ASSIGNMENT - Print each entry word for word without images.

[[ DATA, beginning ]]

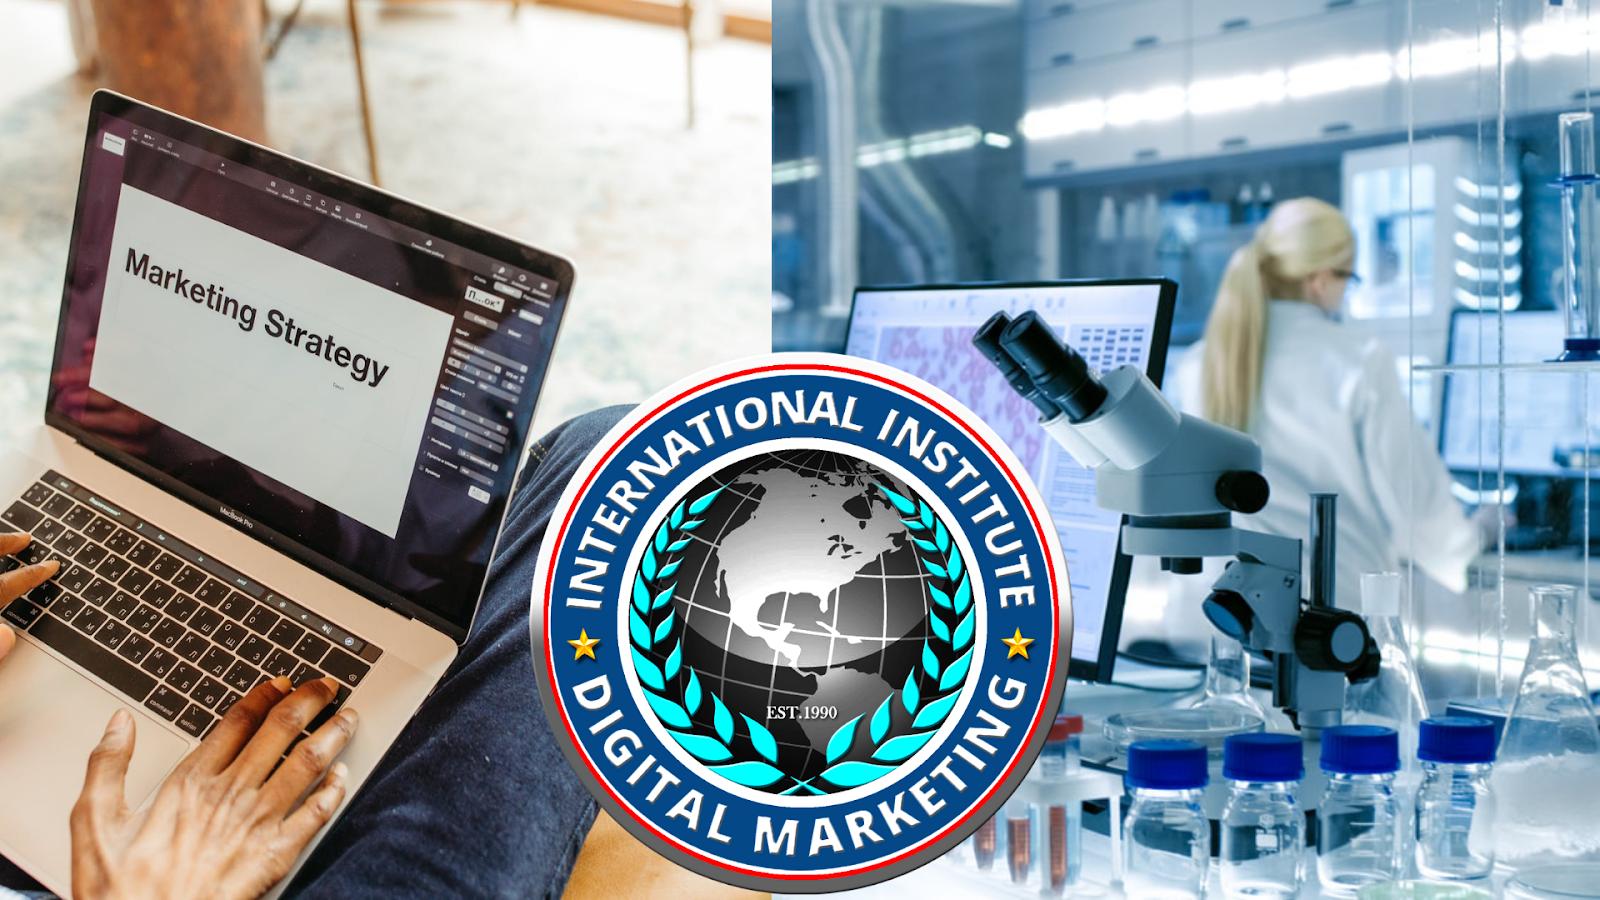 marketing strategies, international institute of digital marketing logo, medical laboratory
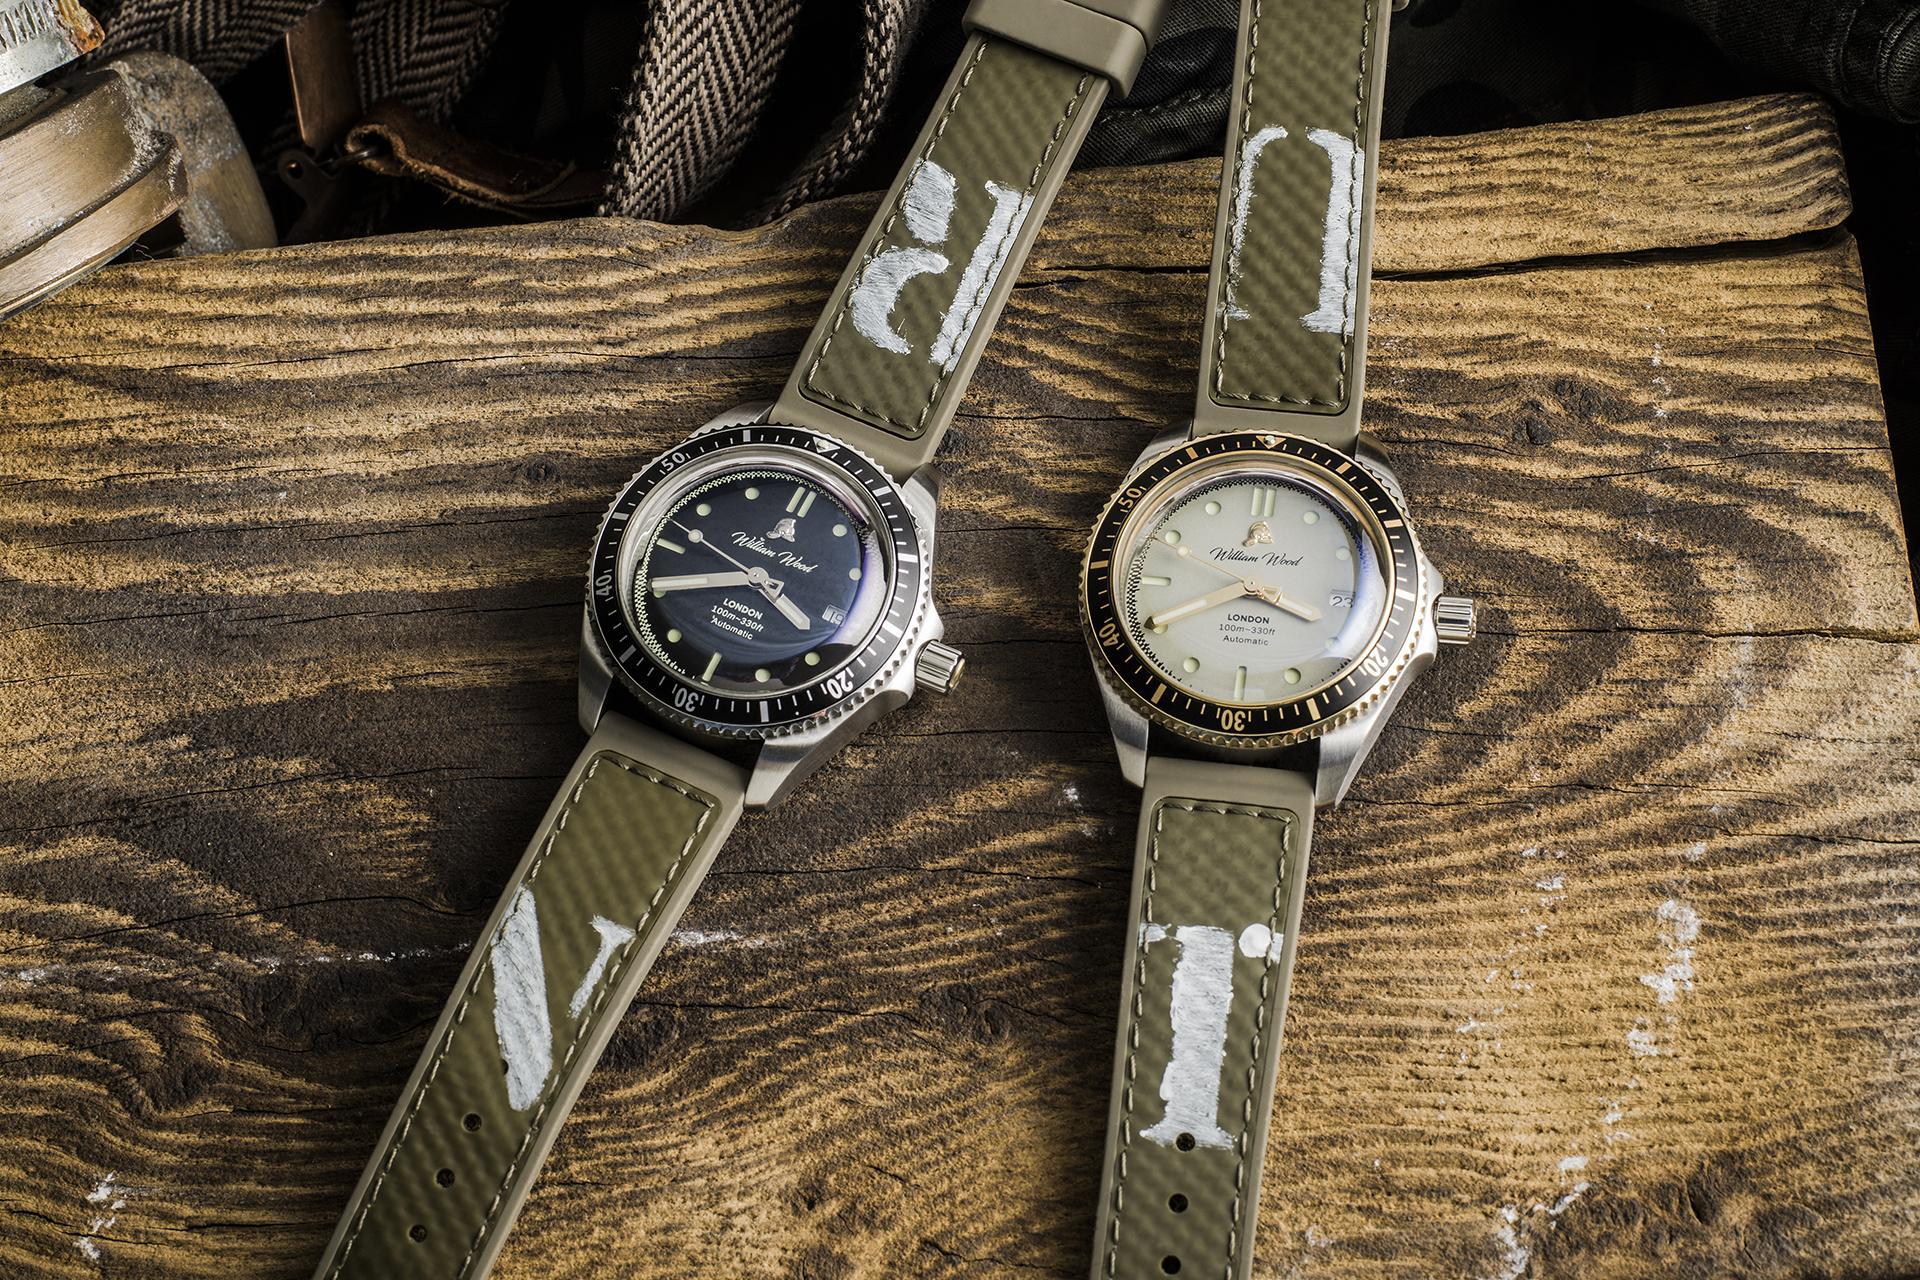 William Wood – Valiant watch range
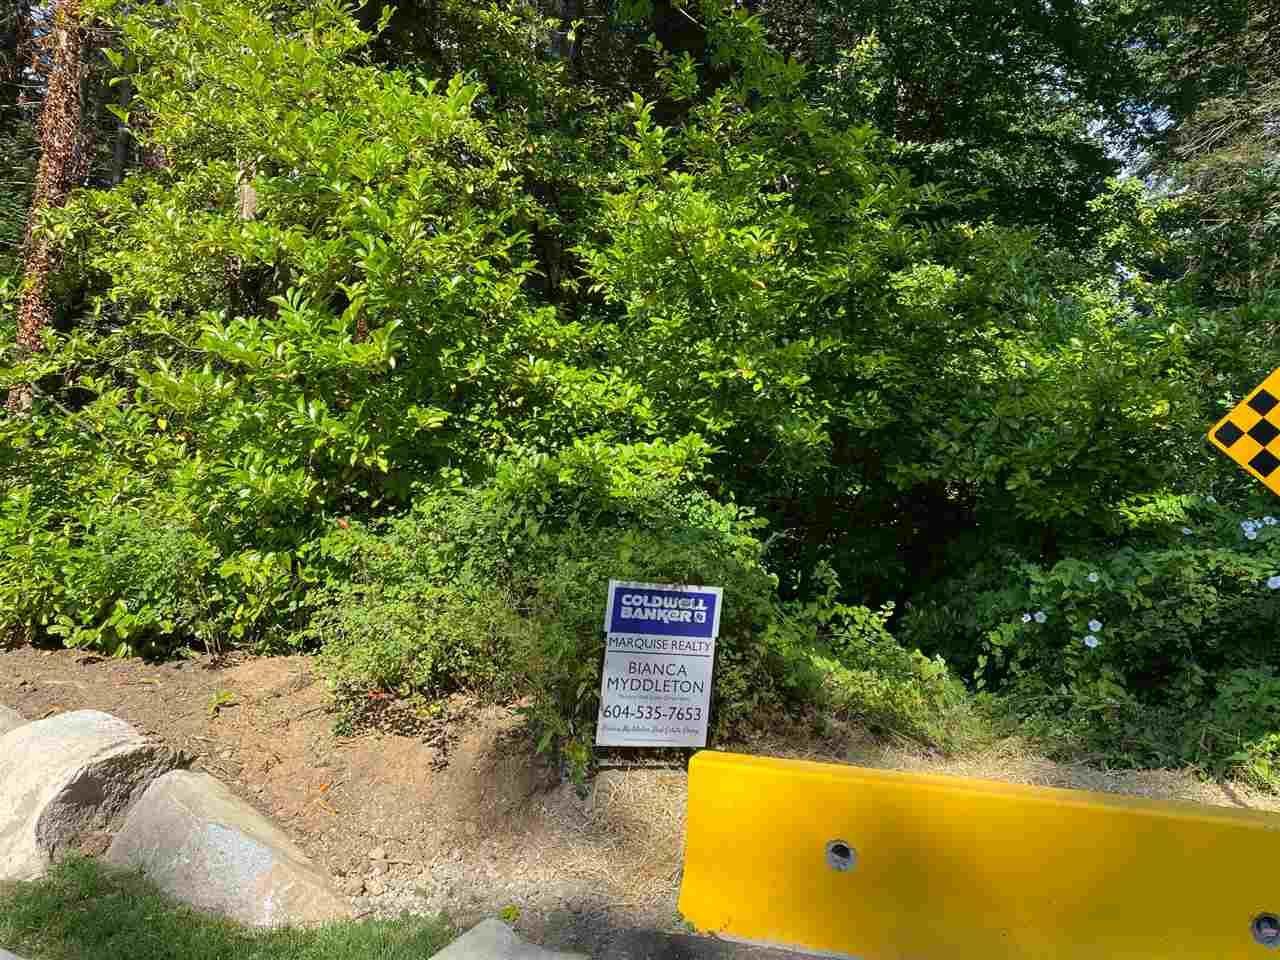 Main Photo: 12755 14 Avenue in Surrey: Crescent Bch Ocean Pk. Land for sale (South Surrey White Rock)  : MLS®# R2479842
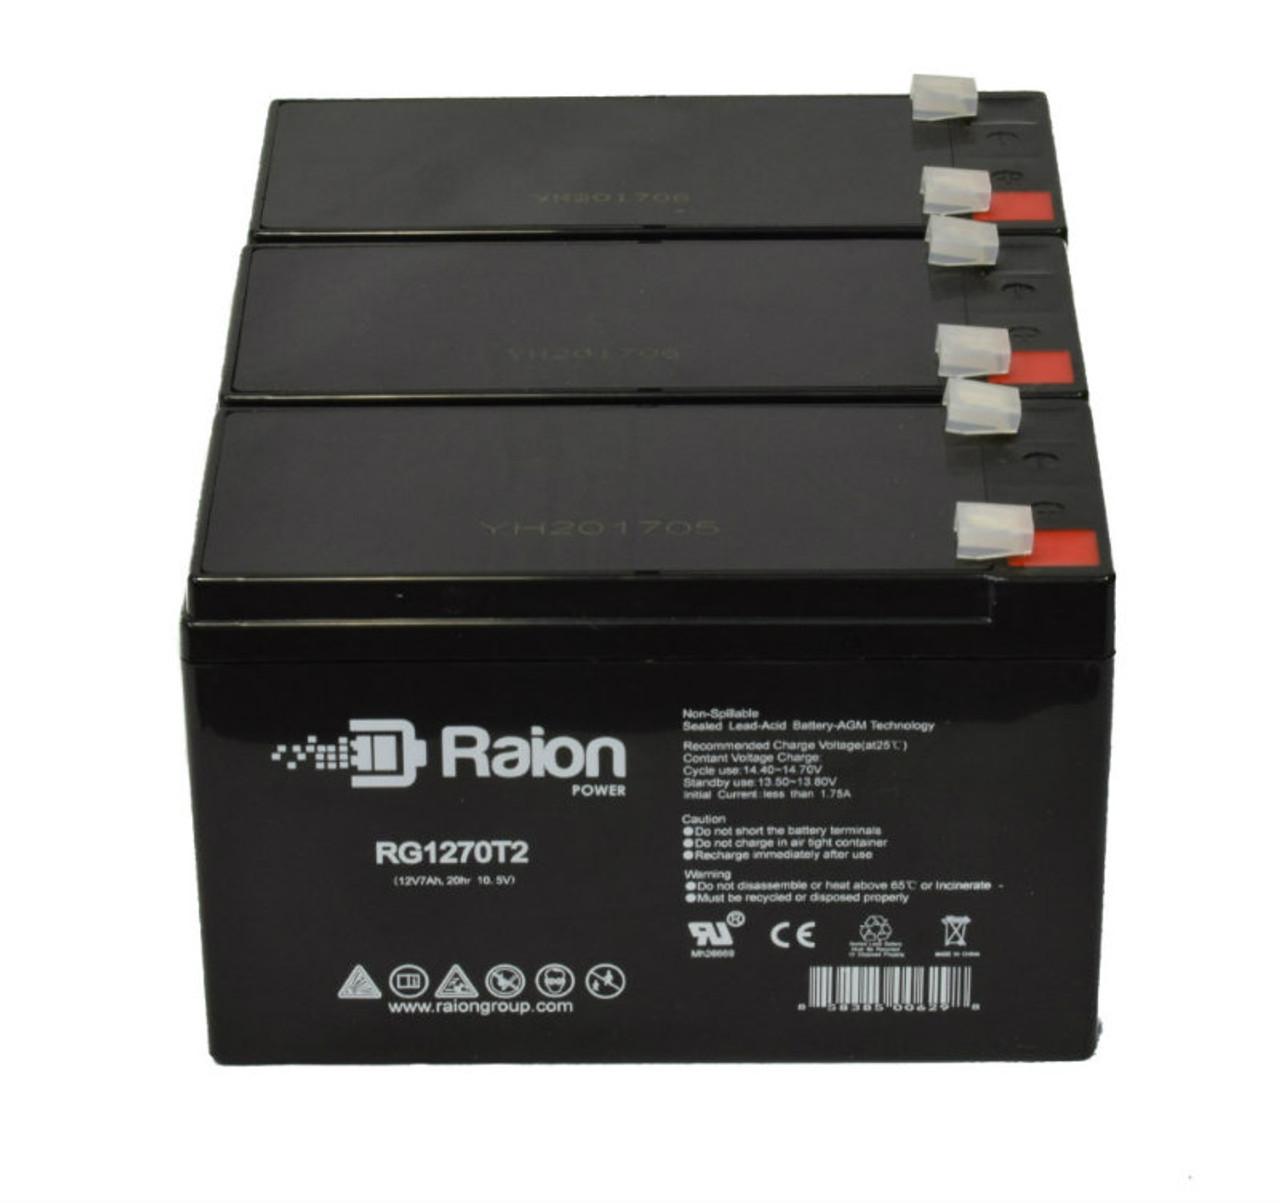 Raion Power RG1270T2 Replacement Set Battery For Tripp Lite SUA1400net 8ah (3 Pack)
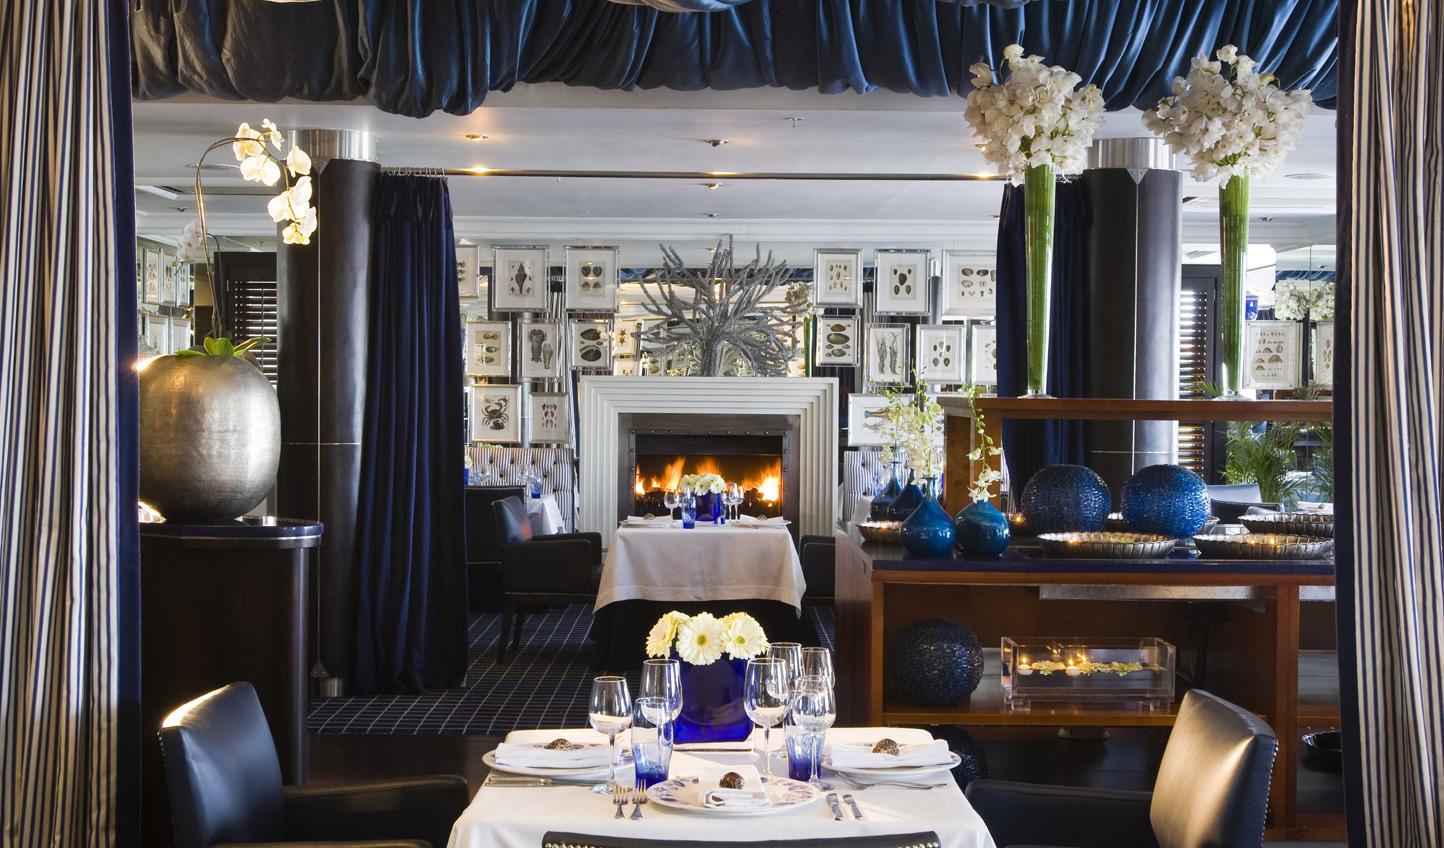 Dine at South Africa's award-winning restaurant 'Azure'

[[ DATA, end ]]

ANSWER FOR THIS EXERCISE -
 marketing strategies, international institute of digital marketing logo, medical laboratory
 William Wood – Valiant watch range
 Main Photo: 12755 14 Avenue in Surrey: Crescent Bch Ocean Pk. Land for sale (South Surrey White Rock)  : MLS®# R2479842
 Raion Power RG1270T2 Replacement Set Battery For Tripp Lite SUA1400net 8ah (3 Pack)
 Dine at South Africa's award-winning restaurant 'Azure'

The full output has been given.